Justice Michael Kirby, today considered the foremost human rights judge in the world, made repeated trips to India to meet him. His judgments are quoted the world over. Many criticised his language as being unknown to the law and his judgments as being verbose. I found his judgments a pleasure to read.

I once asked him why he wrote such long judgments. His answer to me was, 'I am educating the judges, they do not read the original sources, they will at least read my judgments and know what justice is all about.'

While researching for a talk on the Bhopal tragedy recently, I came across an article he wrote a few years ago. Without hesitation, he criticised the judges who approved of the settlement in the Union Carbide case behind the backs of the victims as 'carnage jurisprudence.'

He was fiercely critical of Justice M N Venkatchelliah for not reopening the unjust settlement relying on the so common law of England. Instead, Justice Krishna Iyer's own mantra for a just outcome was 'Gandhi and not Maxwell must guide the interpretation of statutes.'

It was he who drew our attention to two beautiful words in the Constitution of India in Article 41, that the State shall make effective provisions for ensuring public assistance to victims of 'undeserved want.'

Indeed it is tragic that even while he died at the age of 100, the vast majority of humanity in this country continue to live in 'undeserved want' and far from making public provisions for them, their entitlements to health, education and employment are being cut by the present government.

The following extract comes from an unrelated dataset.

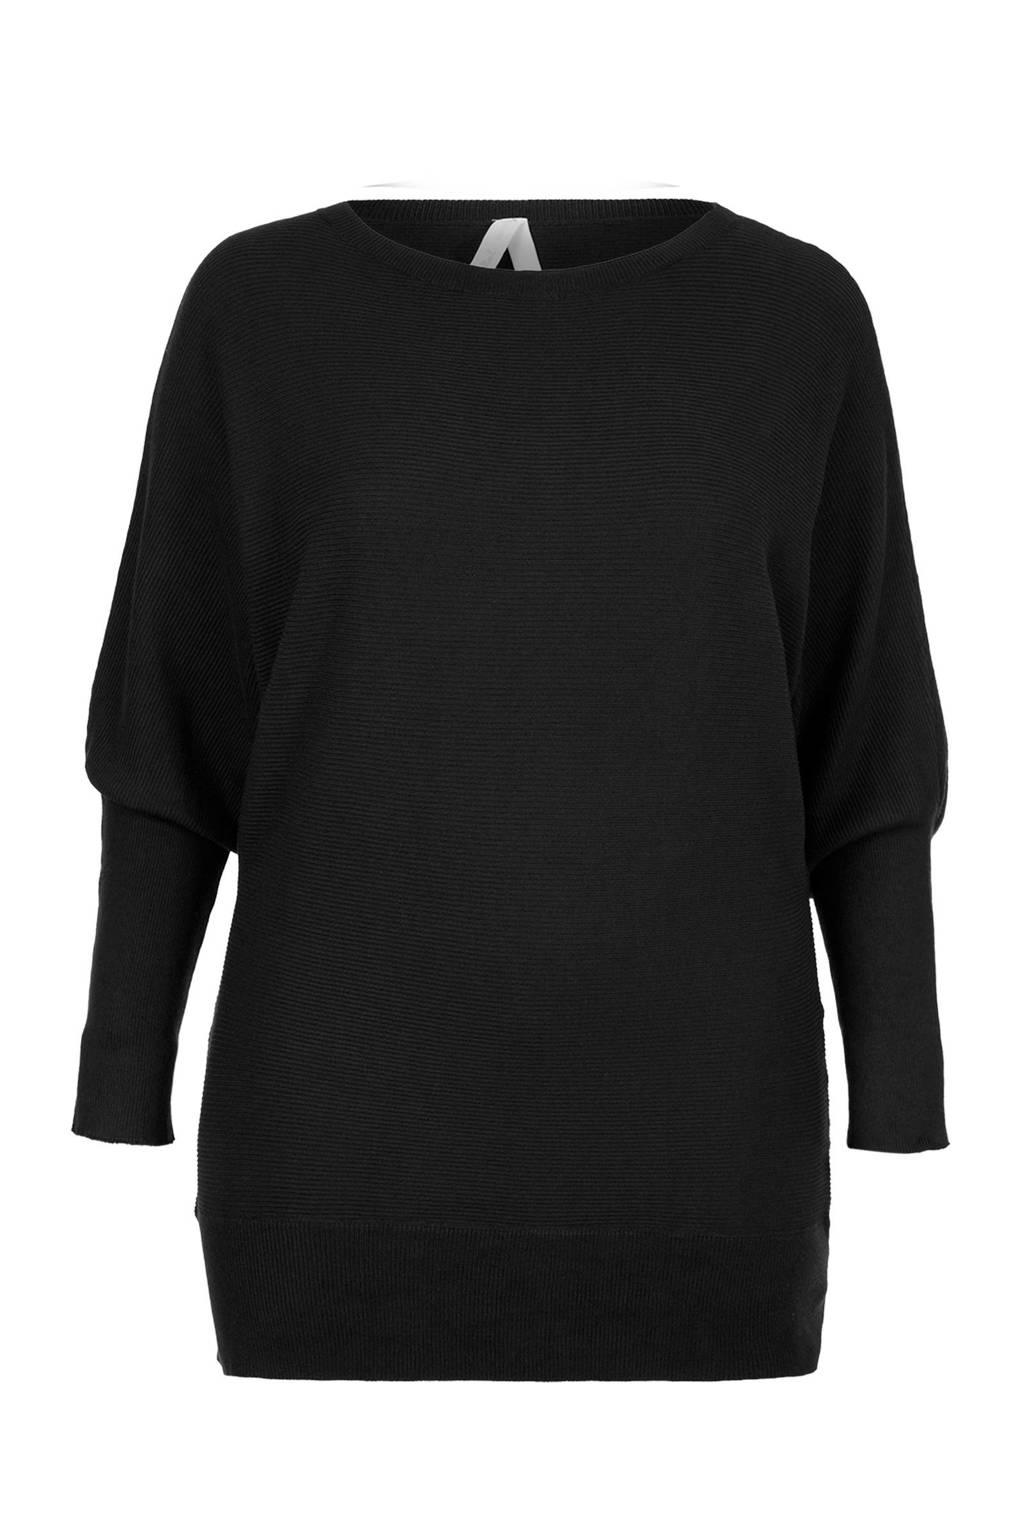 Miss Etam Plus ribgebreide trui zwart, Zwart

He abhorred the death penalty as for him no person had the right to take life which was given by the Lord. He was a believer in life after death and for that reason also, for him, life had to be lived to its natural end.

I was deeply touched by a photograph of Justice Iyer in The Hindu published after he died as a reminder of the man he was. There he was being assisted by his care givers, one on each side, unable to stand on his own, visiting a woman victim of police torture. It brought tears to my eyes, he made old age and disability vanish in that one moment.

He was not a cynic, he believed that justice is possible in an unjust world. I rejoice in the fact that Justice Iyer has left a legacy, after all, legacies no not reside in brick and mortar, but in living humans and there are many of us who have followed in his footsteps and continue to do so.

Our challenge is to pass on that legacy to future generations of lawyers.

Image: Justice V R Krishna Iyer with former additional solicitor general and senior Supreme Court lawyer Indira Jaising.